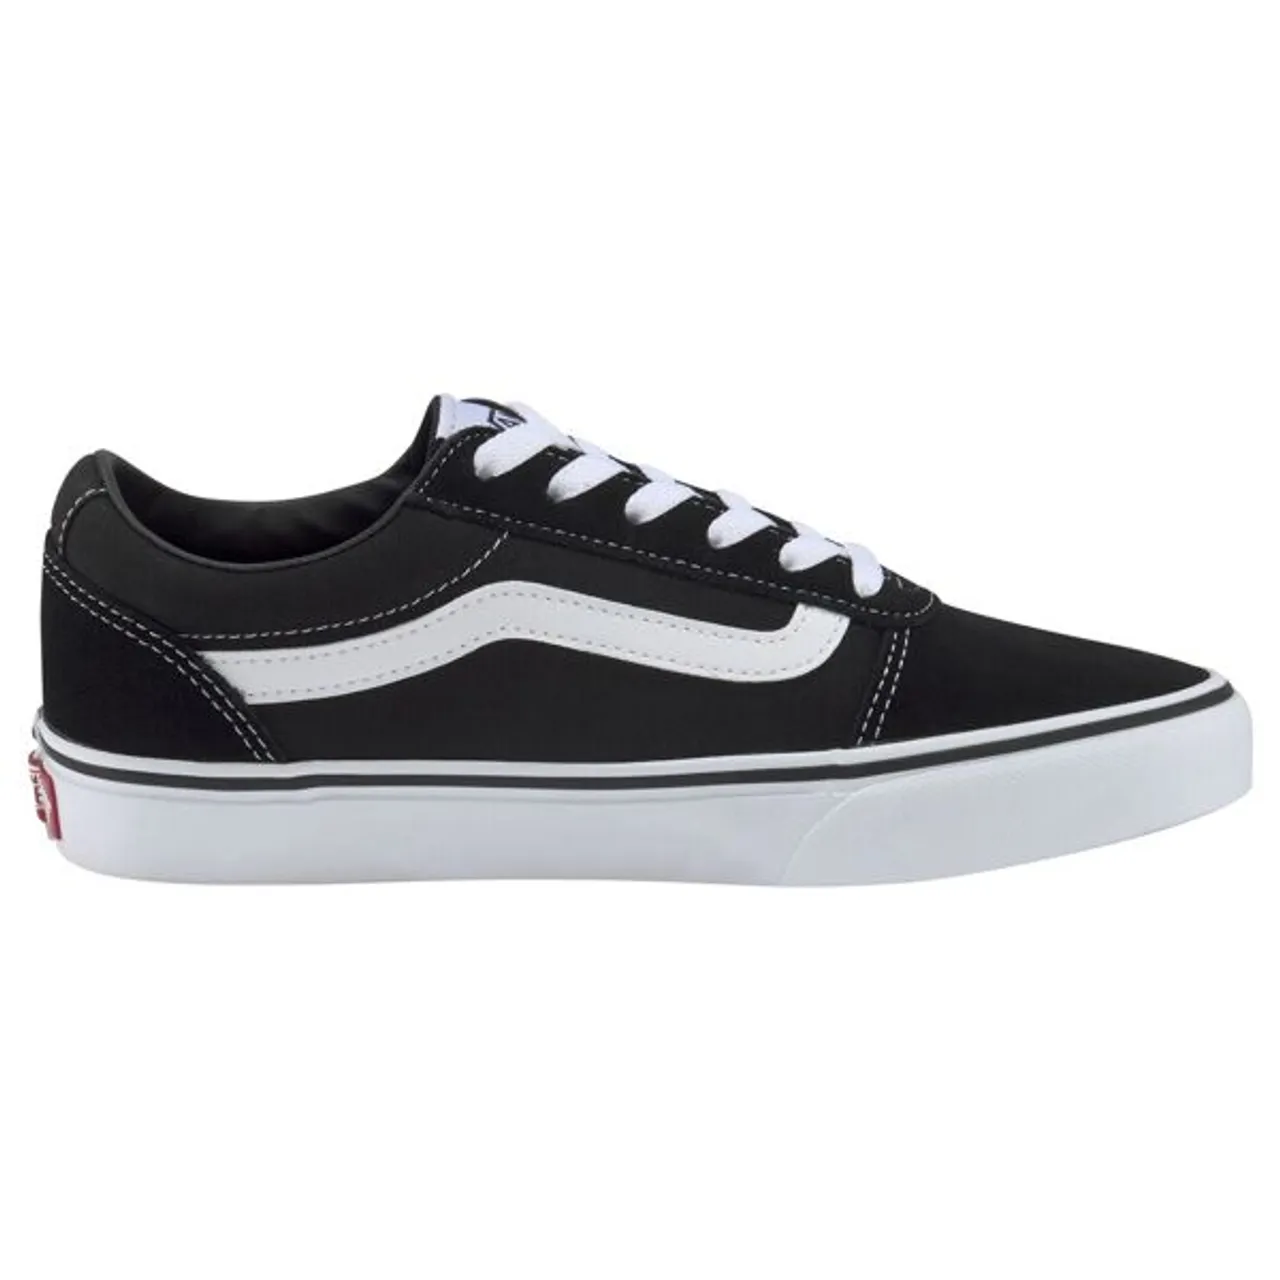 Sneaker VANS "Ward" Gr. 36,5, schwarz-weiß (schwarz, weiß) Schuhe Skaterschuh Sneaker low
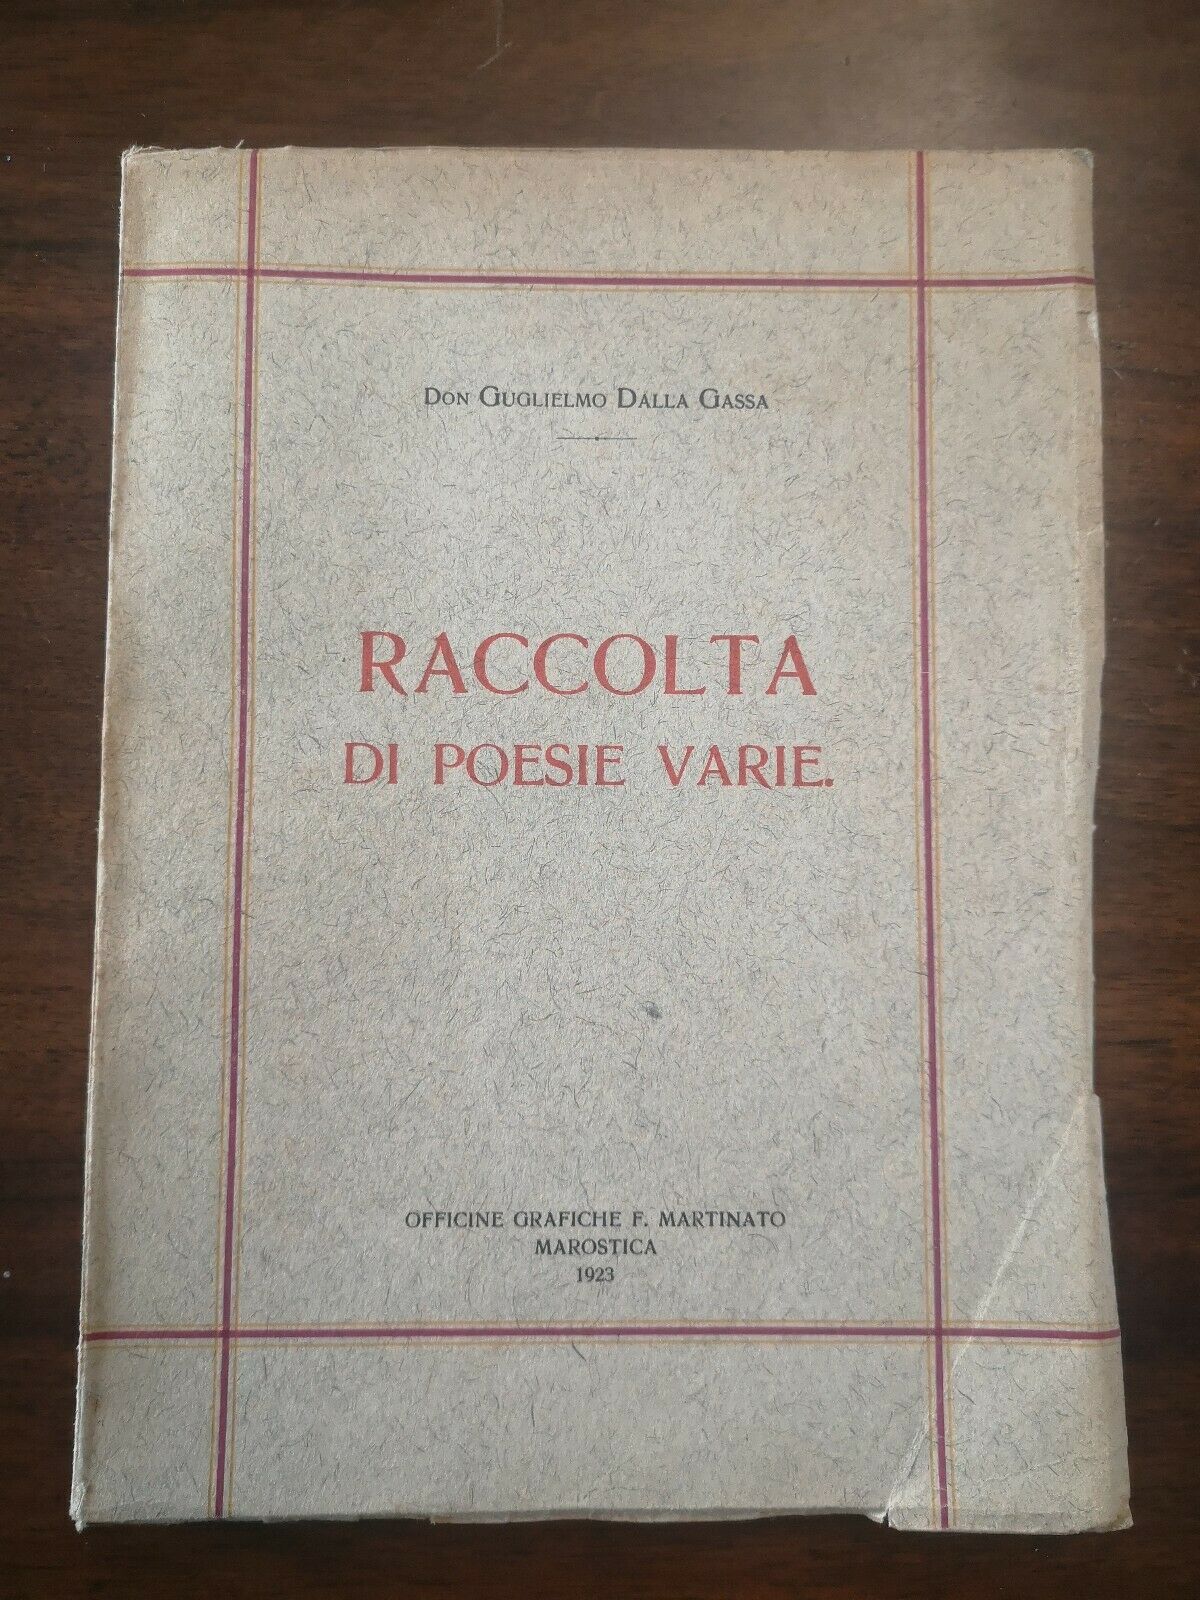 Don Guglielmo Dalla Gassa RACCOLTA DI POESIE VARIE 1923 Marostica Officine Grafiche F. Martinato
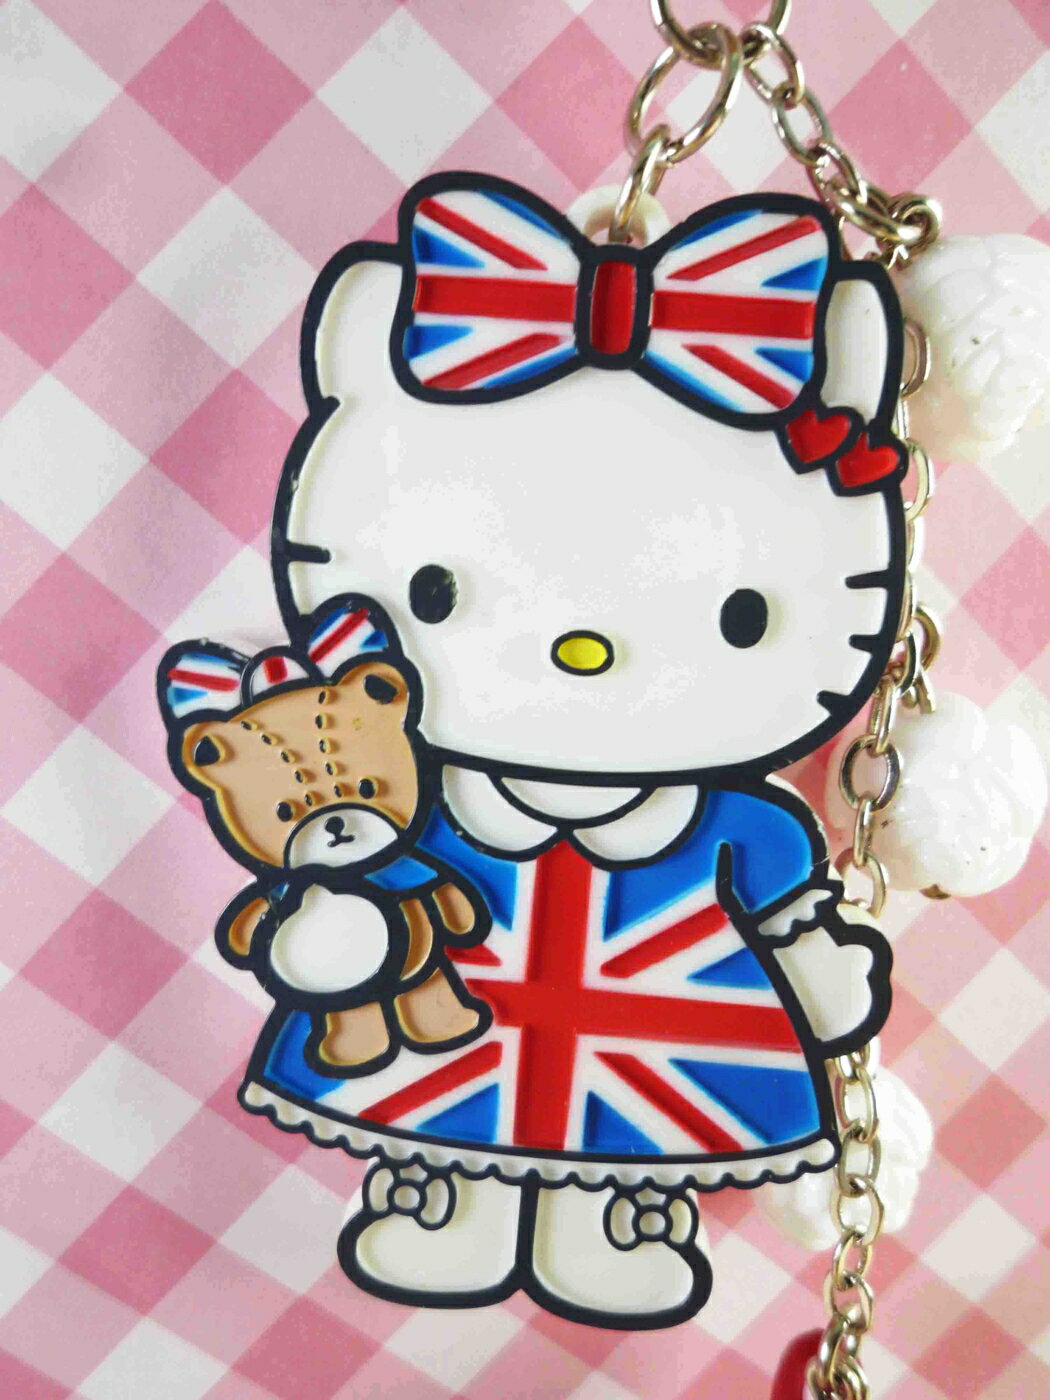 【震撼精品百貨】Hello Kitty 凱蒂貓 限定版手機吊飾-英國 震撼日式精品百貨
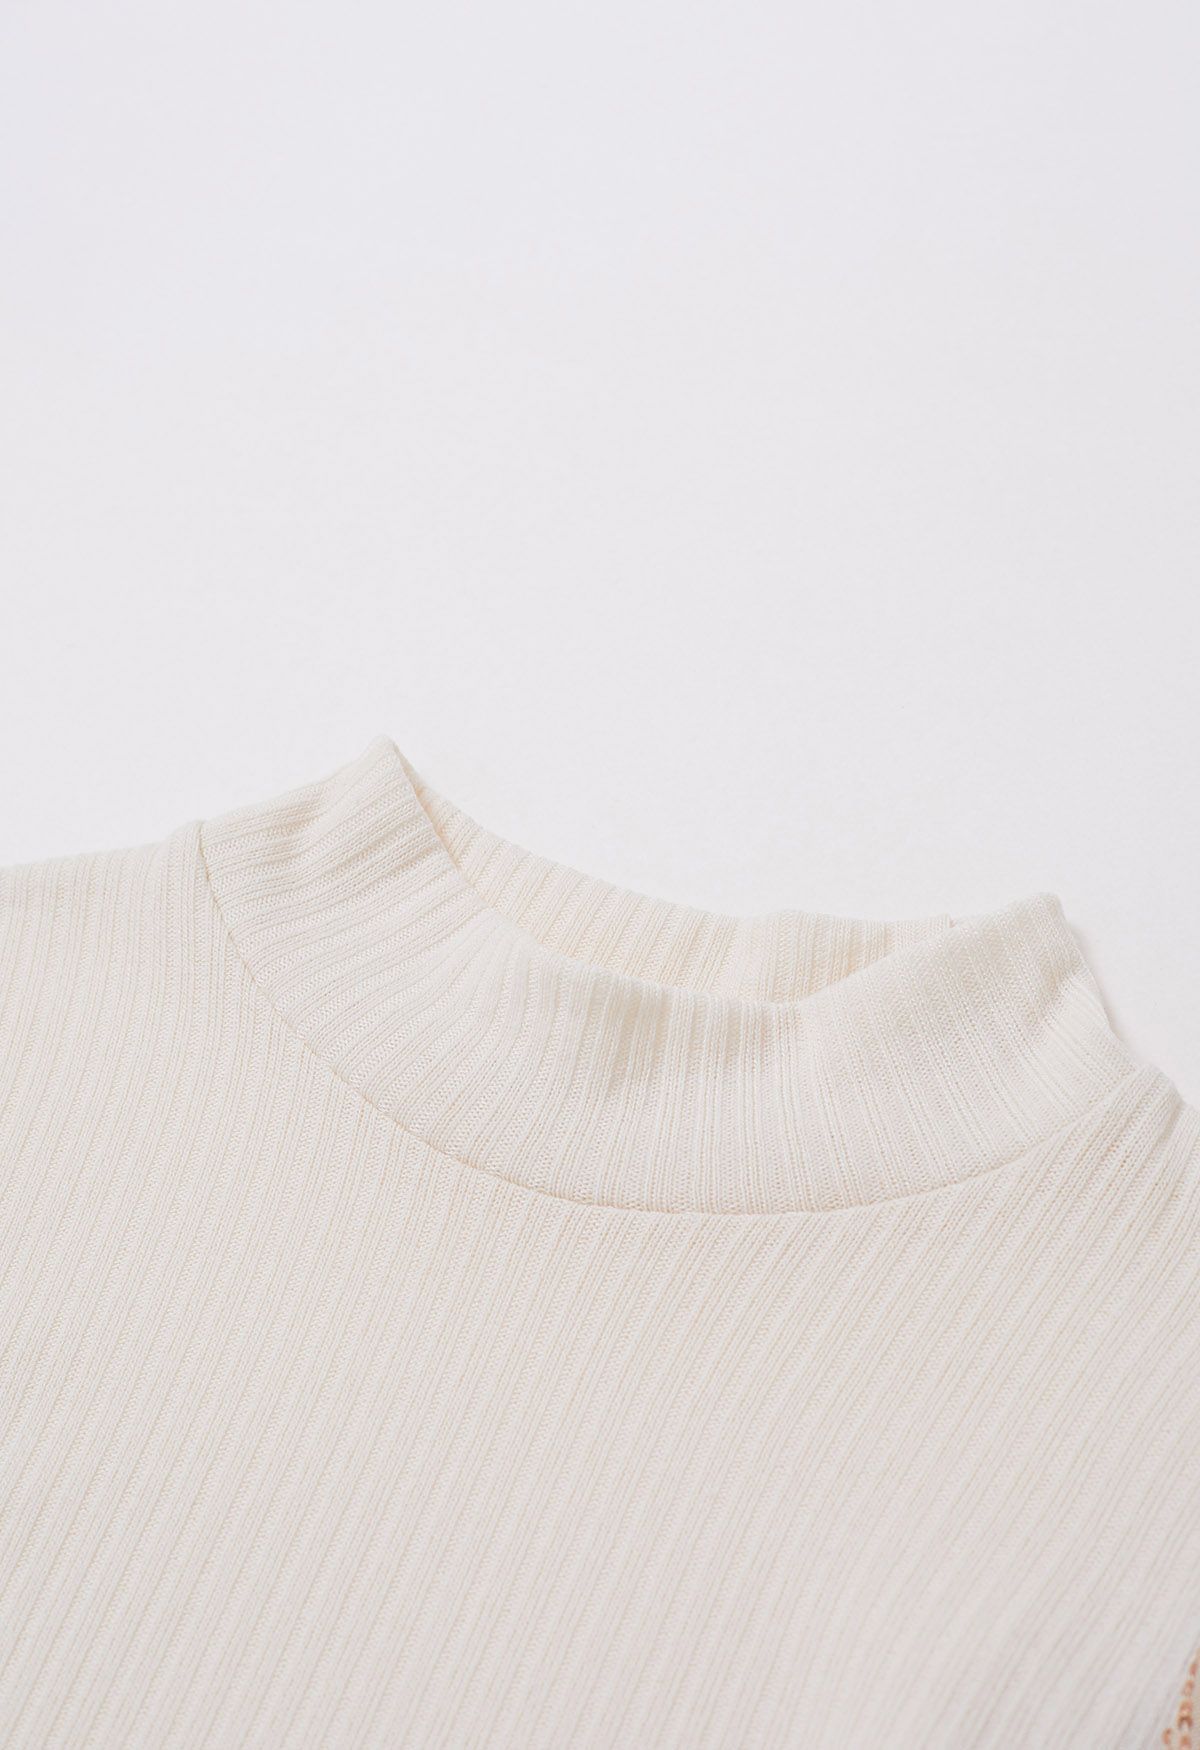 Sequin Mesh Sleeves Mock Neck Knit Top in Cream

— ACTIVITY —
Give the data again exactly, image-free.

— PROBLEM SOLUTION —
 Sneaker VANS "Ward" Gr. 36,5, schwarz-weiß (schwarz, weiß) Schuhe Skaterschuh Sneaker low
 Don Guglielmo Dalla Gassa RACCOLTA DI POESIE VARIE 1923 Marostica Officine Grafiche F. Martinato
 【震撼精品百貨】Hello Kitty 凱蒂貓 限定版手機吊飾-英國 震撼日式精品百貨
 Sequin Mesh Sleeves Mock Neck Knit Top in Cream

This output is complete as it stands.